Lastly, this group of verses tells us that these two competing ideas of salvation are mutually exclusive.  If you are working for your salvation, then you won’t fully commit to the grace expressed in Christ.

Nobody wants nothing.  Even the most hardened of sinners wants good things, even eternal life.  A person would have to be insane to choose Hell over Heaven.  But Satan is the master of men’s minds and has successfully confused many people into thinking they may gain Heaven by working for it, rather than merely on the basis in faith in God’s grace.

Paul makes it crystal clear that the promise comes only by faith to all who exercise it, whether they are “of the law” or “of the faith of Abraham.”  In other words, faith in Jesus Christ is one true equalizer of all people, whether Jew, or Gentile.  At the moment of faith is birthed in one’s heart, that one becomes a “child of Abraham” because they are exercising the same kind of faith as Abraham did.

Eternal, life-changing concepts

(1)    Faith is distinct from the Law.  In other words, the Law is something you do, faith is more of an attitude of heart and mind.  Calvin compares faith to “open hands.”  Believing means that we stretch out our arms and open our hands to receive all that God wants to give us.  In our achievement-oriented society, it is difficult to practice this; we, in our misguided efforts to be obedient believers want to “earn” the blessings of God by our deeds and actions, thus placing God in our debt.  But that is not how God operates.  He gives.  He does not barter.

(2)    Faith’s power rests, not in itself, but in the One in whom we place our faith.  One of the most famous questions in sports history was posed by ABC commentator Al Michaels at the end of the 1980 Olympic hockey series between the United States and the USSR in response to the American’s astonishing victory.  “Do you believe in miracles?” he asked rhetorically.  As is evidenced by books, magazines, TV shows, and so on, Americans do indeed believe in miracles, angels, and the supernatural in general.  However, the Bible never, ever discusses belief in those things, it speaks of a belief in God, the One responsible for the miracles.
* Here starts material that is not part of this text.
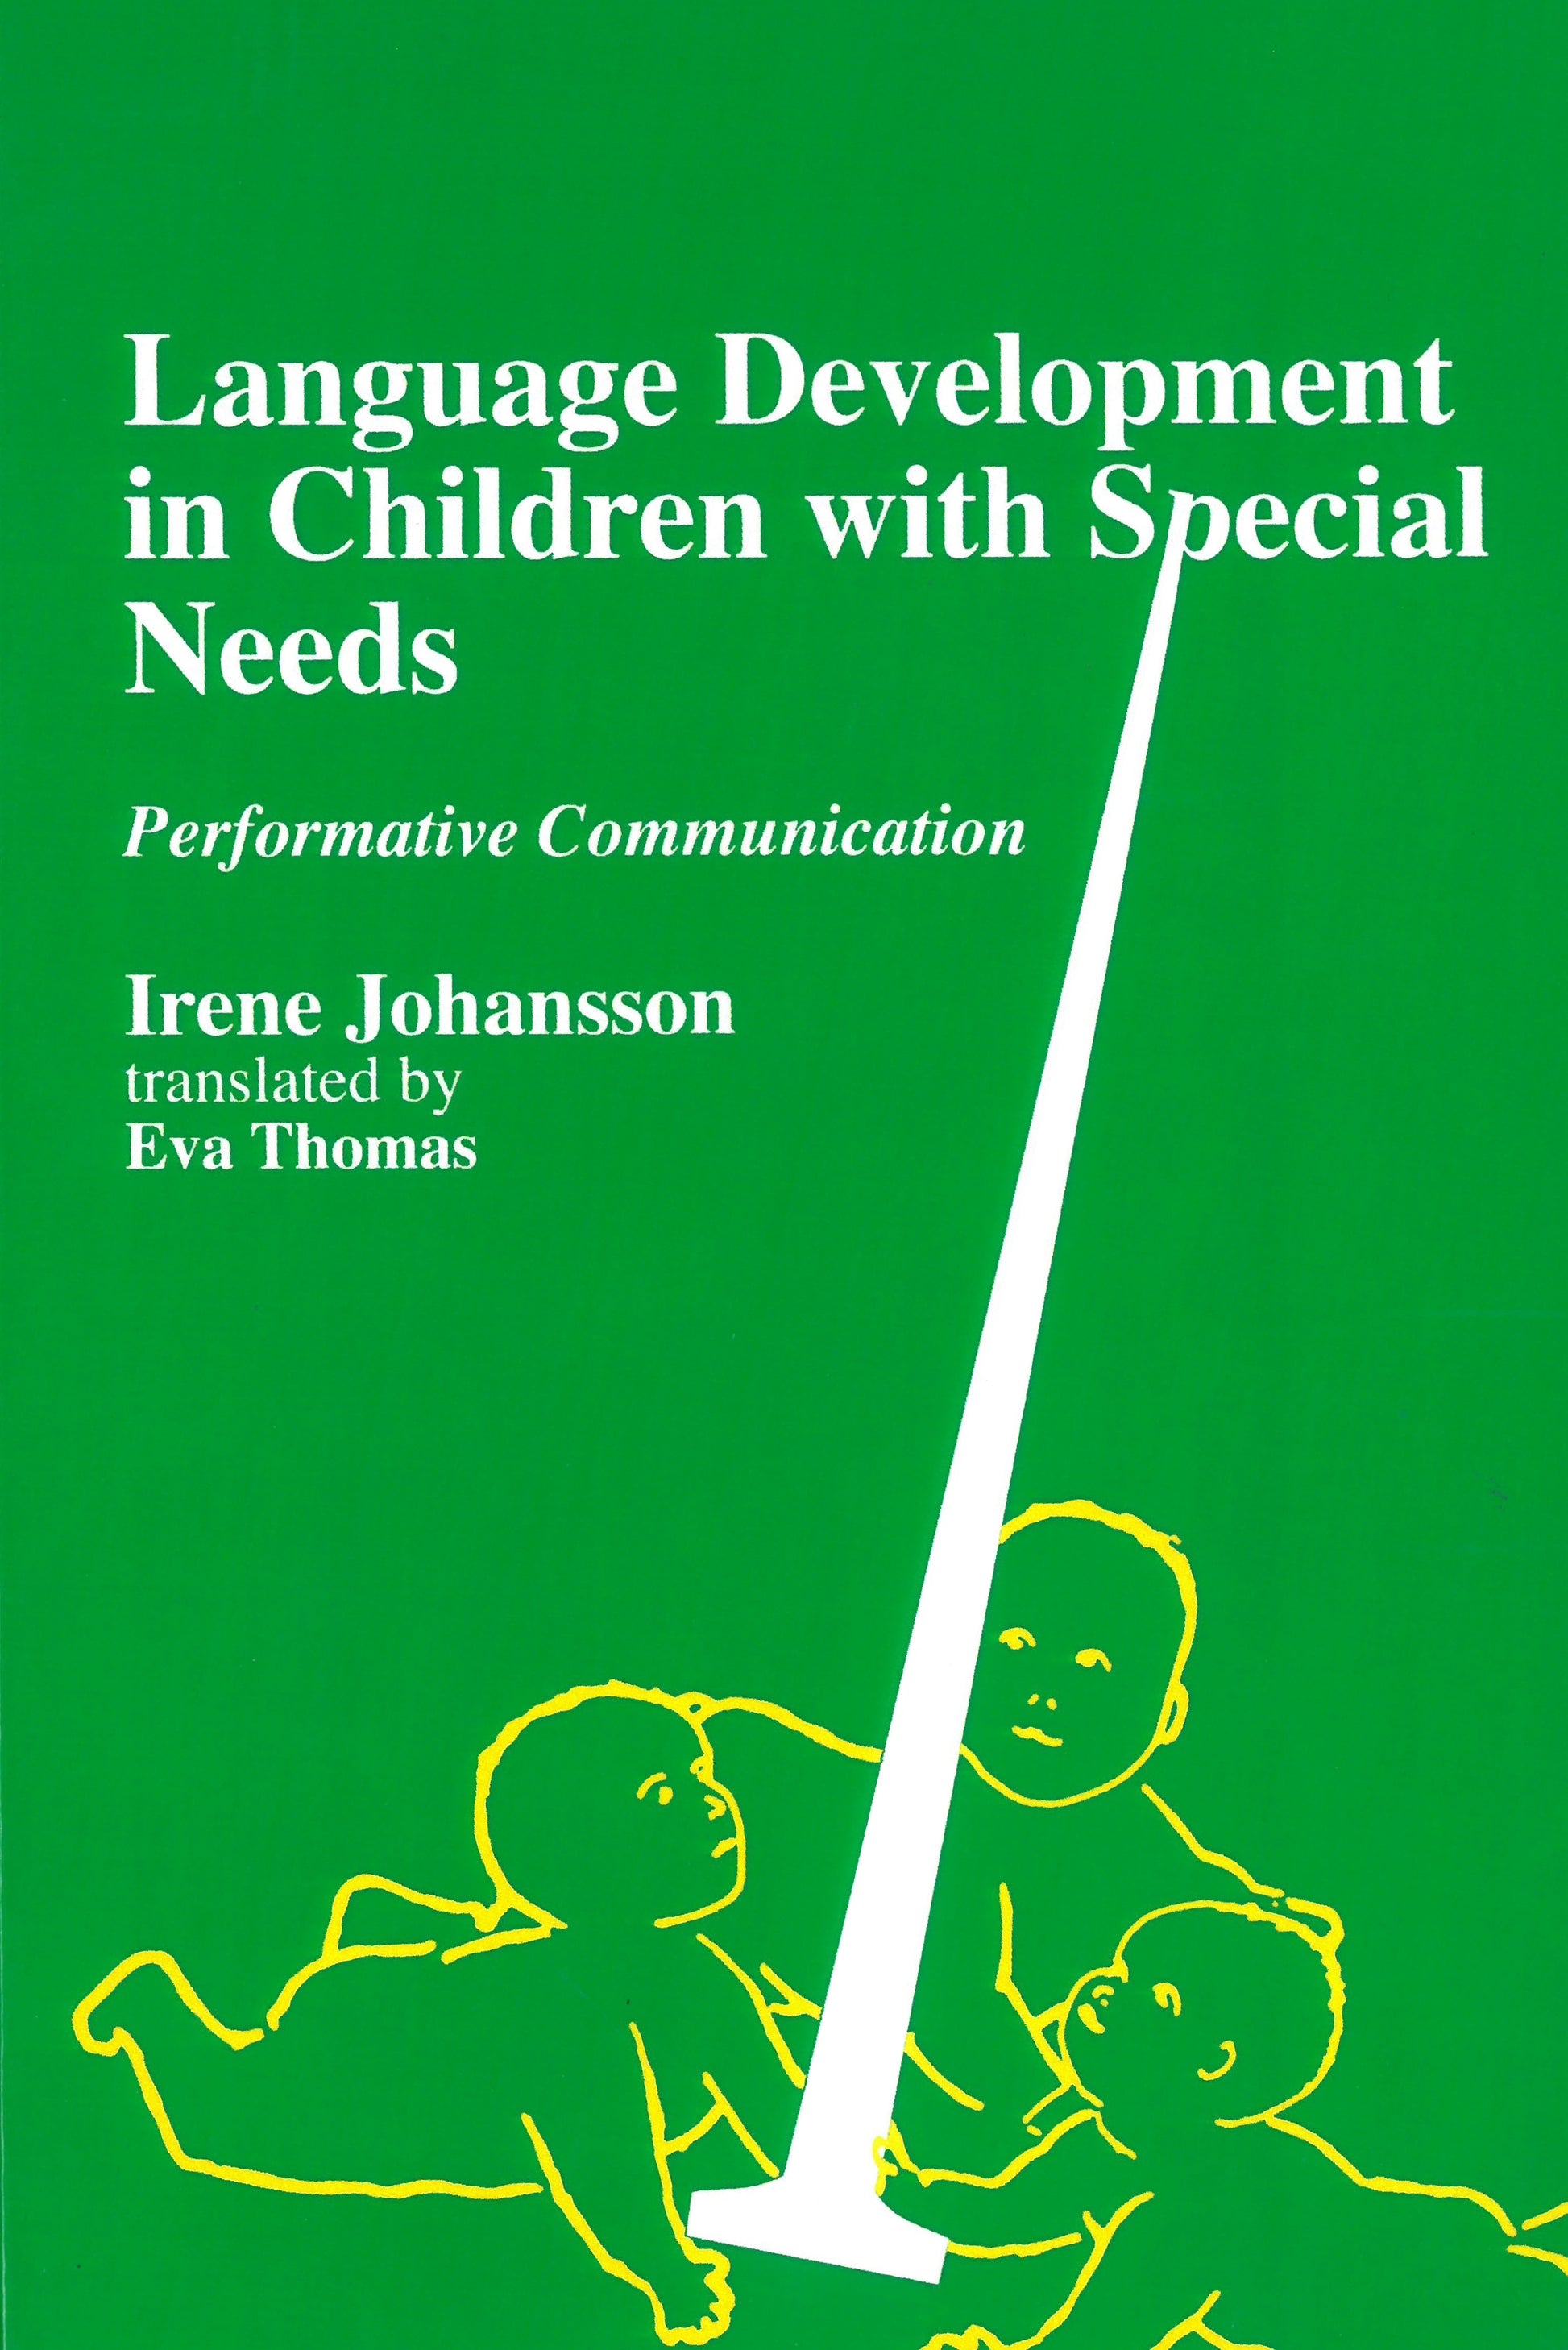 Language Development in Children with Disability and Special Needs by Irene Johansson, Irene Johansson
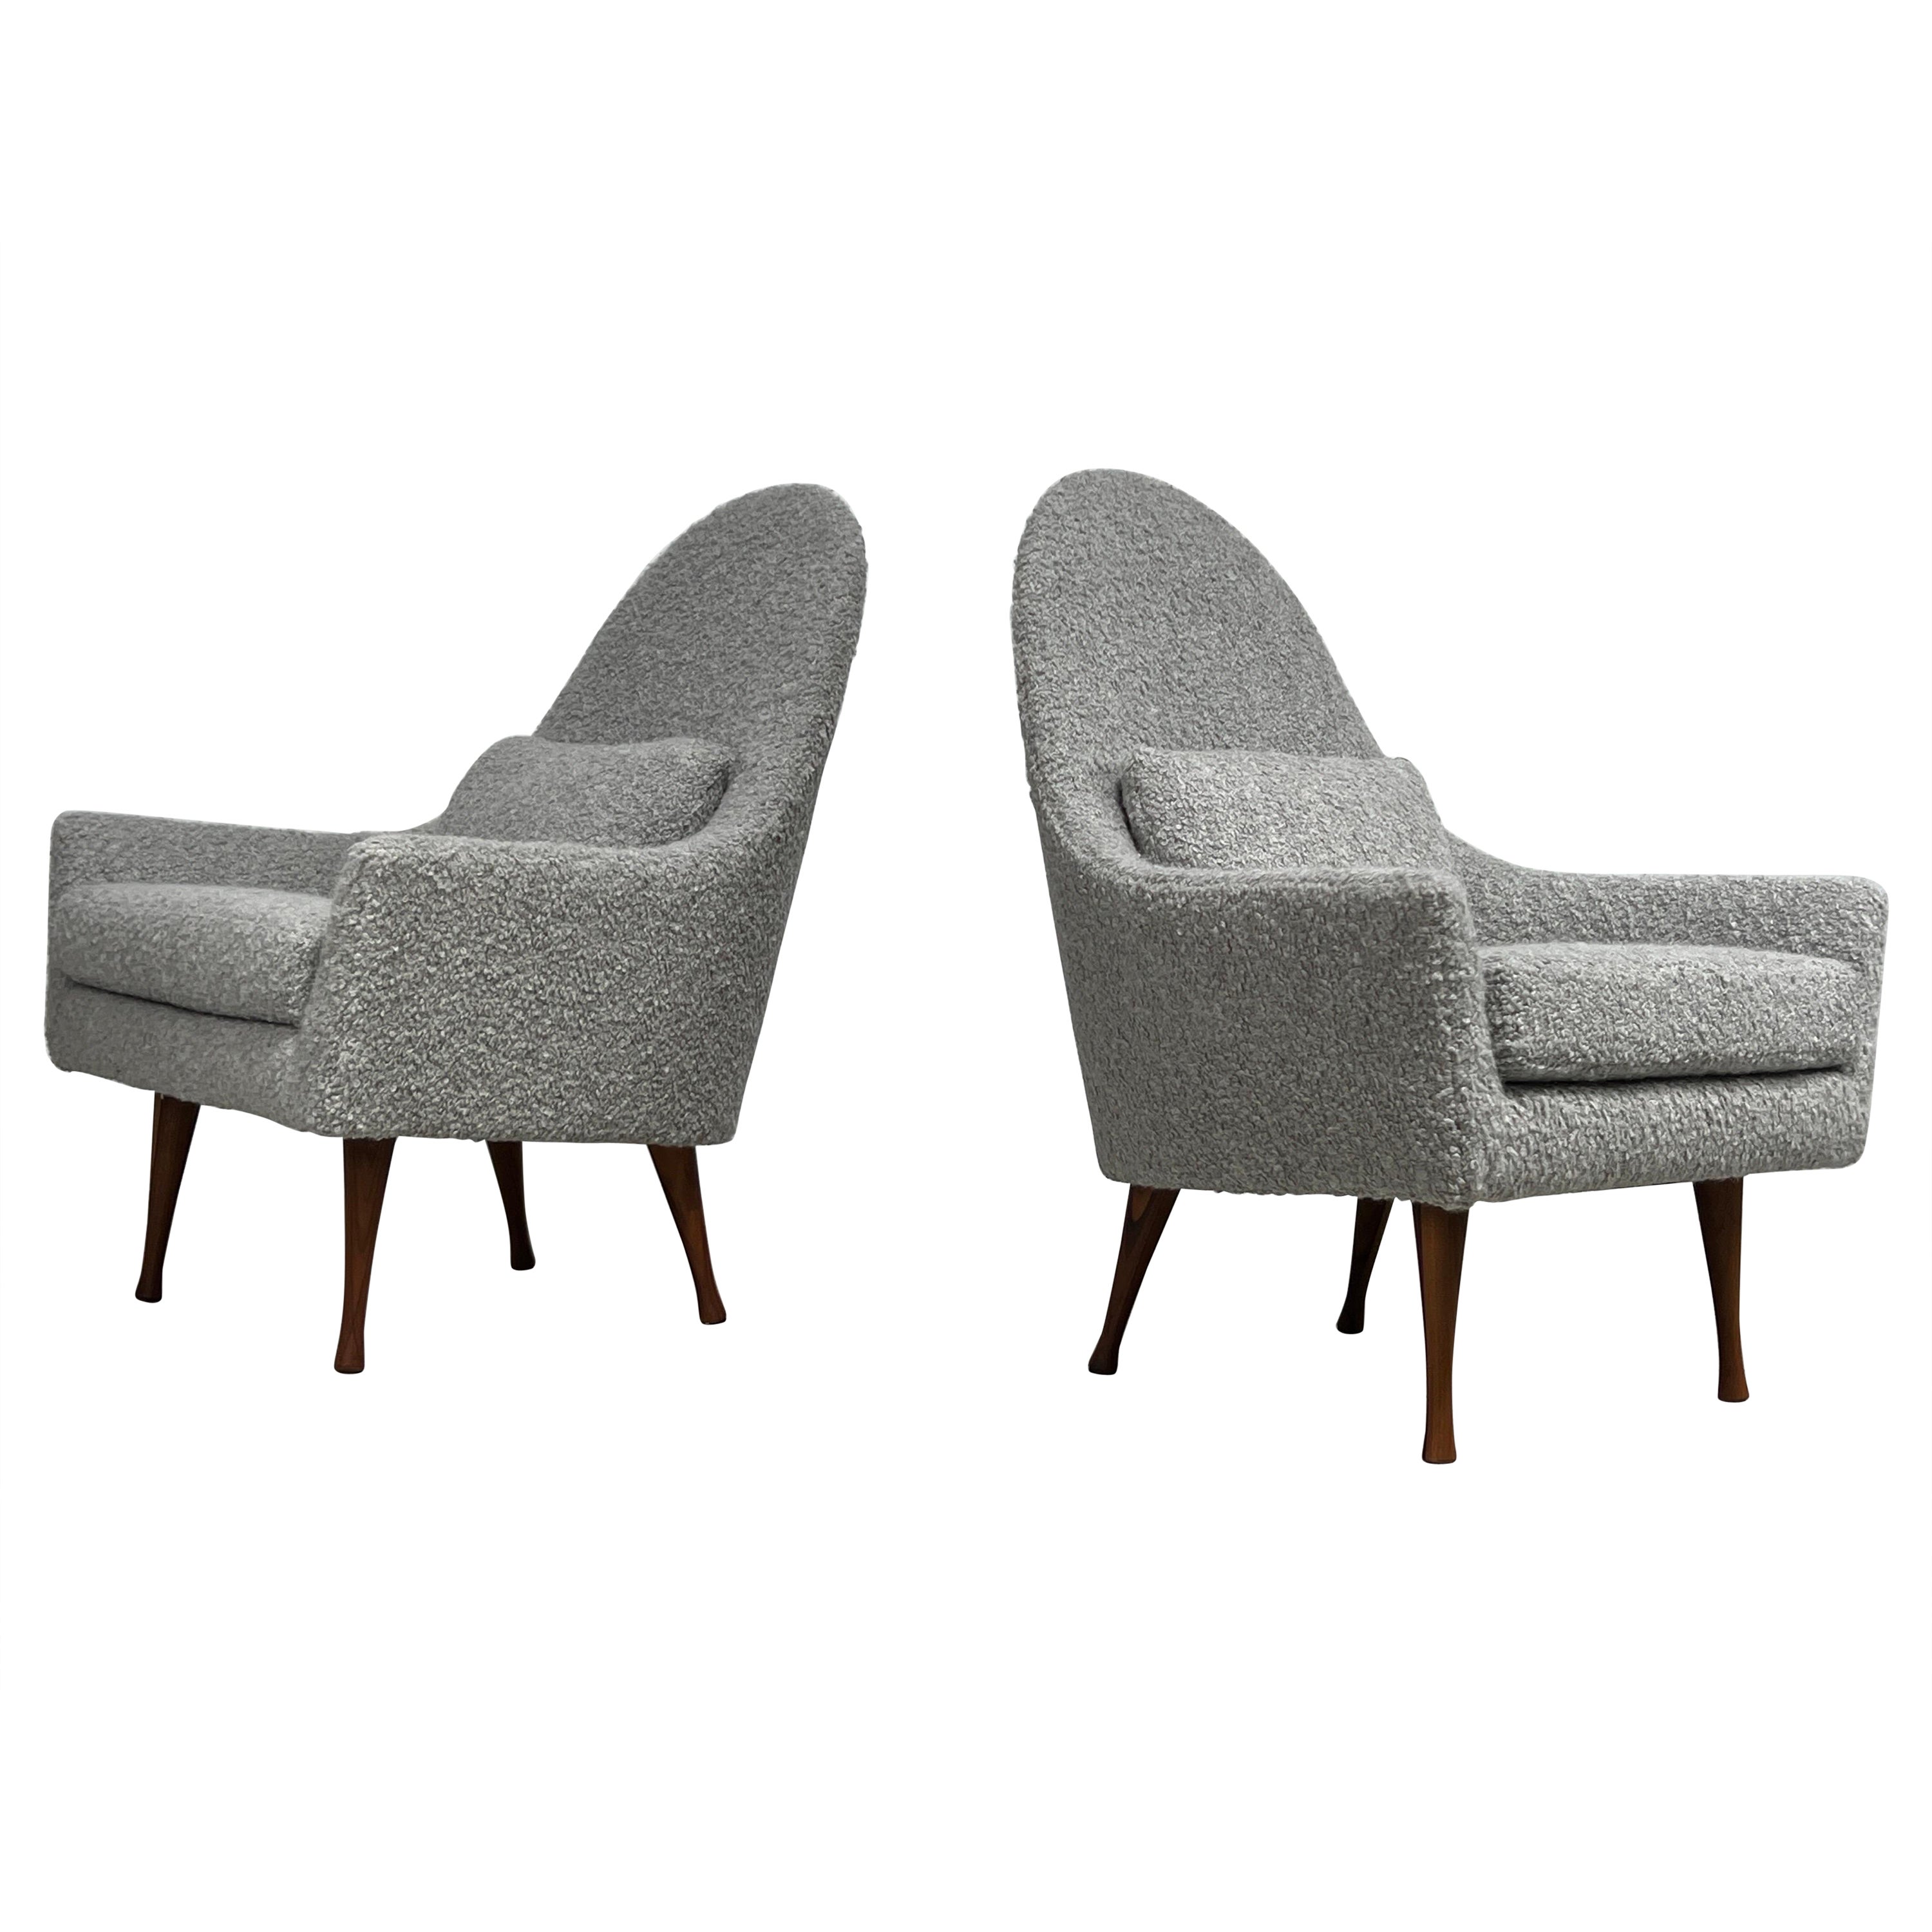 Pair of Lounge chairs by Paul McCobb for Widdicomb  For Sale

This was the kind of faith Abraham had.  This was the kind of faith that was credited to Him as righteousness.  Abraham believed in the One who could bring life a barren womb.  Abraham believed in the God in back of the promise.  But Abraham’s belief didn’t stop there.  Abraham had such strong belief in and faith in God, the he spoke of God’s promises as though they  had already been given.  The fact is, Abraham would not live to the majority of God’s promises come to fruition.

(3)    Faith is based on God’s Word, not on the evidence of what we see.  God’s Word was all Abraham had.  The key to living a Christian life that is full of hope and expectation is having faith in God that is consistent and never wavering.  The ultimate reality for the believer is not what they see and can experience in the physical realm, but rather what what they cannot see:  the spiritual realm.  That is why the Word of God must be ever before us.  As we remember the great promises in and as we meditate on it, it won’t be long before its spiritual realities become more real to us that the world around  us.